The insertion of CO2 into metal–hydride bonds and subsequent hydrogenolysis of the metal–formate units has been the subject of numerous experimental and theoretical studies in the context of formic acid production. The closest related example to the Triphos-system are Ru(ii)-catalysts bearing three monodentate phosphine ligands whose high efficiency for formic acid production was rationalised in a comprehensive theoretical study by the group of Sakaki.48 An analogous route was therefore investigated for the initial step of the current system (Fig. 3).
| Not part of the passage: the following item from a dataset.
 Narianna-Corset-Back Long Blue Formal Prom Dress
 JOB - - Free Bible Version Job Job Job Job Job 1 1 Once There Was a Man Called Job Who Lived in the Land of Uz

In the starting complex I either the THF molecule or the H2 molecule is replaced by CO2, generating complexes II and IIa, respectively. Both compounds are endergonic with respect to the reference point I by 8 and 10.2 kcal mol–1, respectively. The classical hydride centre in II can subsequently be transferred to the carbon atom of CO2, passing through transition state TSII–III. The barrier is appreciably low (11.7 kcal mol–1) placing the TSII–III at 21.2 kcal mol–1 on the hyper surface. Rotation of the formate species in III about the Ru–O and the O–C bonds generates complex IV (3.3 kcal mol–1), which is significantly more stable than III.43,48 The barrier for the dissociation of H2 from IV is very low (4.2 kcal mol–1) and the exchange of H2 in IV by solvent generates the stable ruthenium formate complex V (–3.2 kcal mol–1), which is also the experimentally observed resting state complex 3a.
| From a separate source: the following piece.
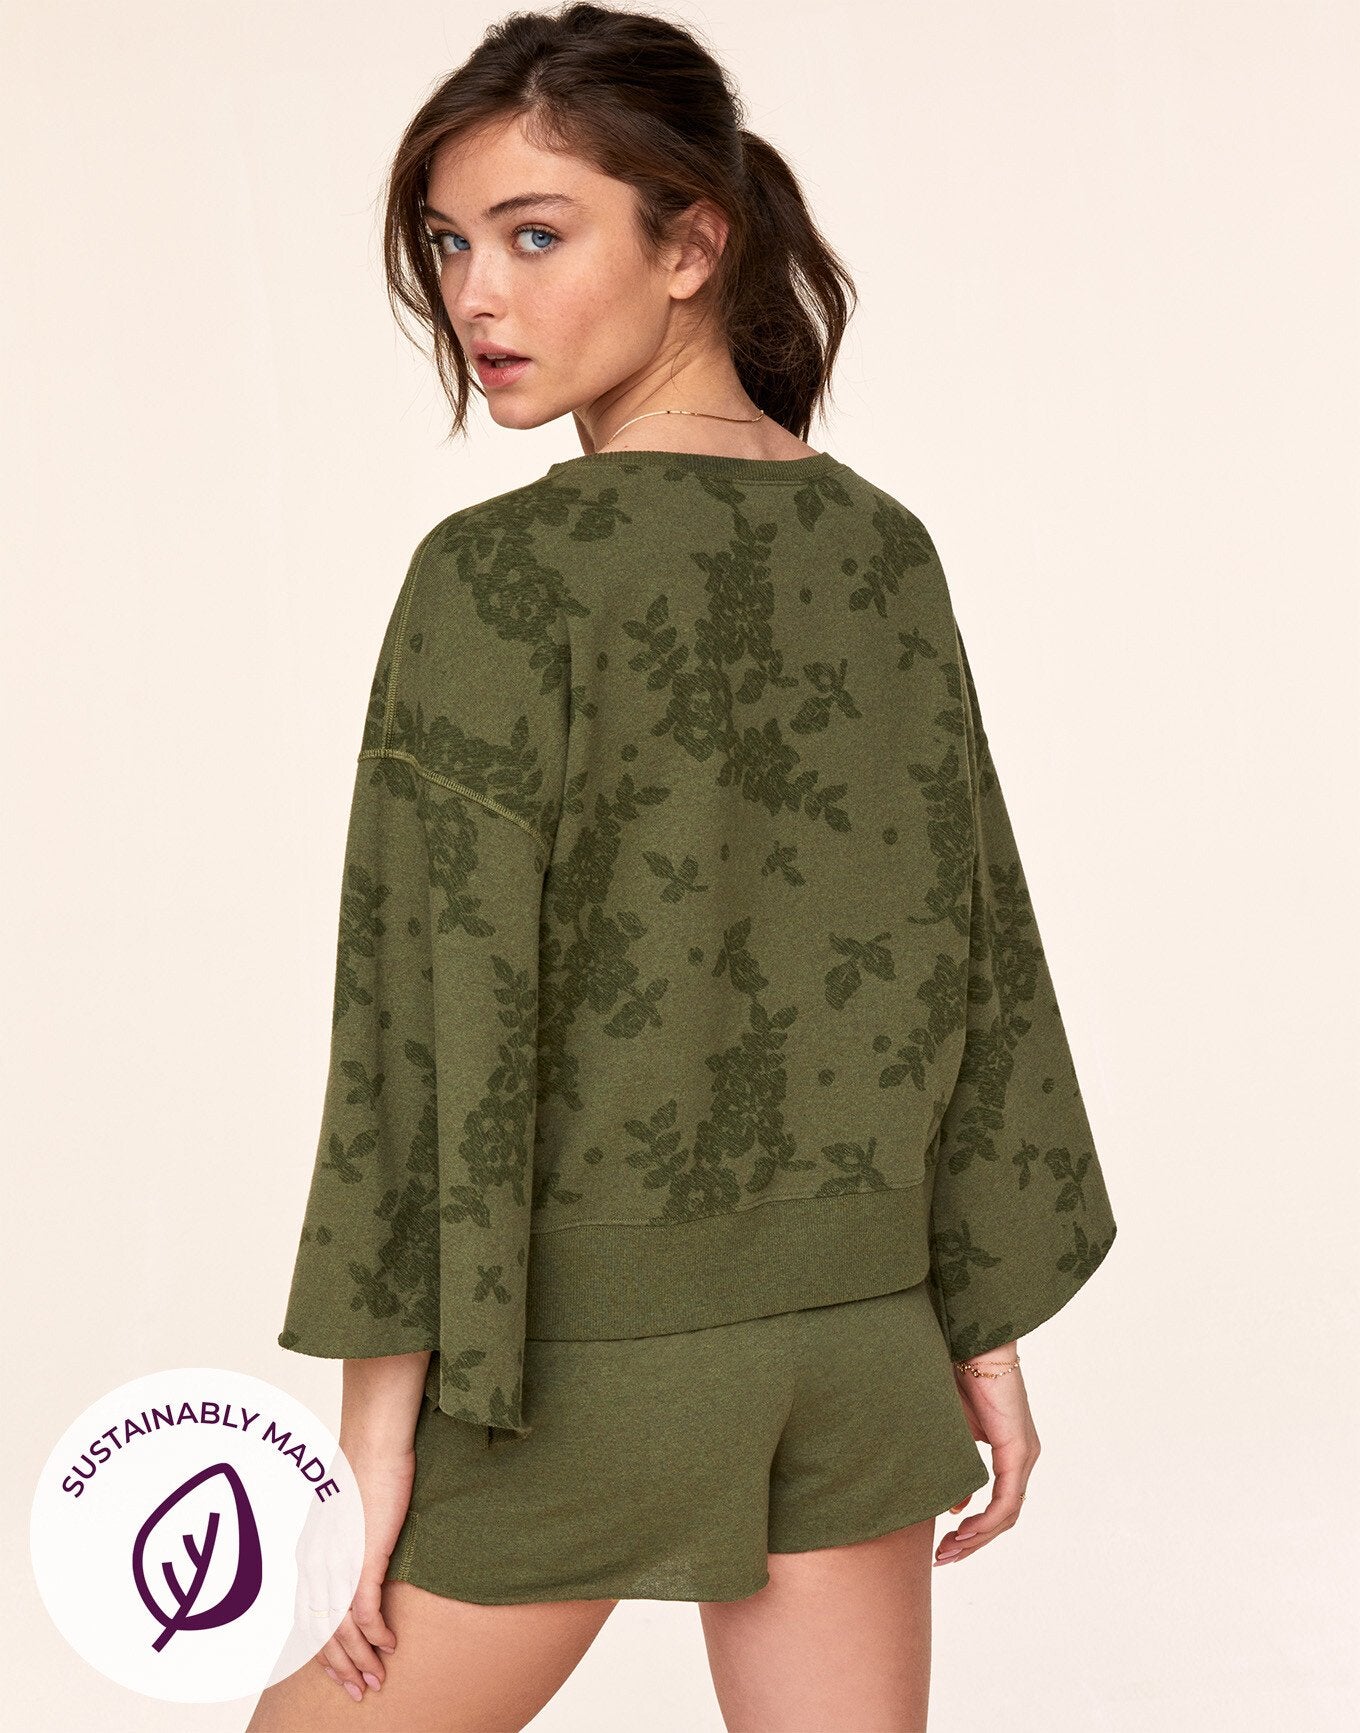 Adore Me Bailey Sweatshirt & Short Set in color Capulet Olive and shape pj

In accordance with the work by Sakaki, the proton transfer to the carbonyl C O bond in the six-membered transition state is also energetically favourable in the Ru–Triphos system.48 The change of coordination mode of the formate species in V from bidentate to monodentate with the subsequent coordination of H2 at the vacant coordination site forms VI. The coordinated H2 molecule is cleaved heterolytically viaTSVI–VII with a very small barrier of 1.7 kcal mol–1 to VII (12.5 kcal mol–1). At this point of the cycle, the generation of formic acid is complete and the Ru–H unit is regenerated for further reduction.
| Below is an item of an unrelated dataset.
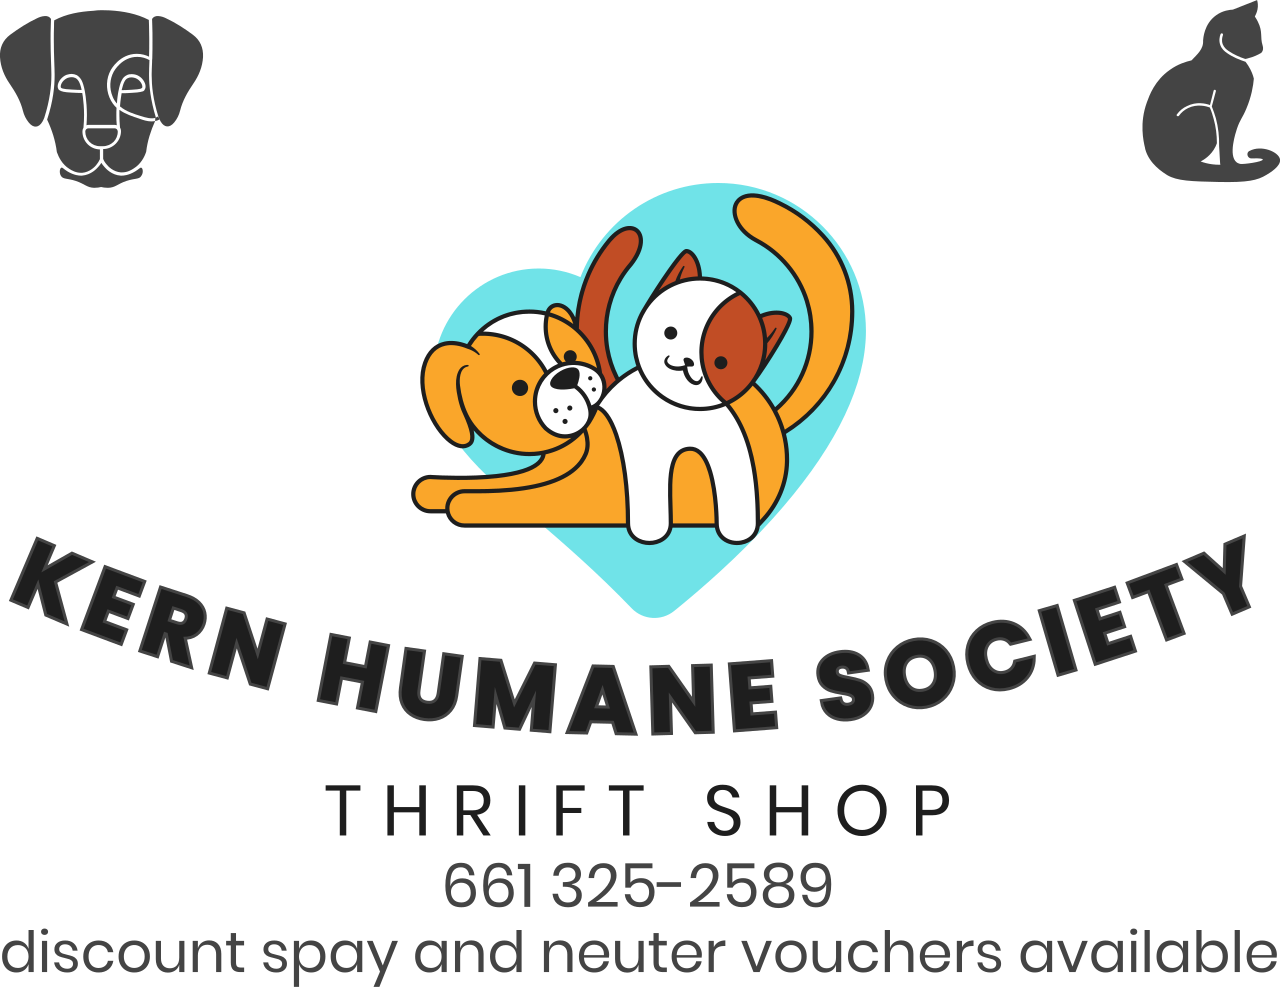 Kern Humane Society's web page

In contrast to the hydrogenation of CO2 to formic acid, far less is known about the reduction beyond the formate stage. Only most recently, ruthenium and iridium catalysts have been reported to facilitate this reaction step via unprecedented catalytic pathways.30,50,52,53 In the Ru–Triphos system, hydride transfer to the coordinated formic acid was found to be energetically accessible only after the solvent in VII is replaced by H2, generating complex VIII. The exchange of solvent by H2 is almost thermoneutral placing VIII at an energy of 14.3 kcal mol–1. The hydride transfer in VIII to the carbon atom of formic acid has a barrier of 15.5 kcal mol–1, placing TSVIII–IX at 29.8 kcal mol–1 on the hyper surface. This energetically feasible reaction step forms the ruthenium–hydroxymethanolate species (IX) which is the crucial intermediate for the unique performance of the Ru–Triphos system in the hydrogenation of CO2 beyond the formic acid stage. Three other energetically less favoured reaction pathways for the formation of hydroxymethanolate from CO2, including outer sphere attack of CO2, were calculated and are shown in the ESI.† The next key step is the cleavage of the carbon–oxygen bond leading to formaldehyde on the path to methanol.
Cleavage of the C–O bond and generation of formaldehyde (IX–XV; Fig. 4)
The conversion between free methanediol and formaldehyde has been extensively explored.50 In the coordination sphere of IX, the protonolysis of the Ru–O is again required to initiate this process. Firstly, we considered the transfer of protons generated from the acidic Ru–H2 units under turnover conditions via the reaction medium (Fig. 4). A low energy pathway (grey profile) was calculated if acetic acid was used as the model for carboxylate units as proton shuttles in the presence of catalyst precursors 4 (acetate) or 2 (formate), according to the in situ NMR studies. After de-coordination of the hydroxy group in the hydroxymethanolate species IX, a molecule of acetic acid coordinates via the carbonyl oxygen atom, forming X in a practically thermoneutral event. The acetic acid then protonates the hydroxy group of the hydroxymethanolate (TSX–XI, 27.1 kcal mol–1), with a barrier of 9.3 kcal mol–1. Water is loosely coordinated after the reaction (XI) and cleaved off, generating XII. The dissociation of one of the acetate oxygen atoms of XII, changing the acetate coordination from bi- to monodentate, and association of H2 generates XIII, which is placed at a height of 20.3 kcal mol–1. The subsequent heterolytic cleavage of H2 during the regeneration of acetic acid is practically barrierless (0.4 kcal mol–1) and product XIV is only marginally more stable than the reactant. The dissociation of acetic acid and association of solvent generates XV. An analogous path using water, which is formed stoichiometrically in the overall hydrogenation sequence, as the proton shuttle gave a significantly higher barrier of 41.2 kcal mol–1 (XIIIa–XIVa, blue profile). In addition to the external proton transfer, direct protonolysis within the coordination sphere was also investigated (see ESI†).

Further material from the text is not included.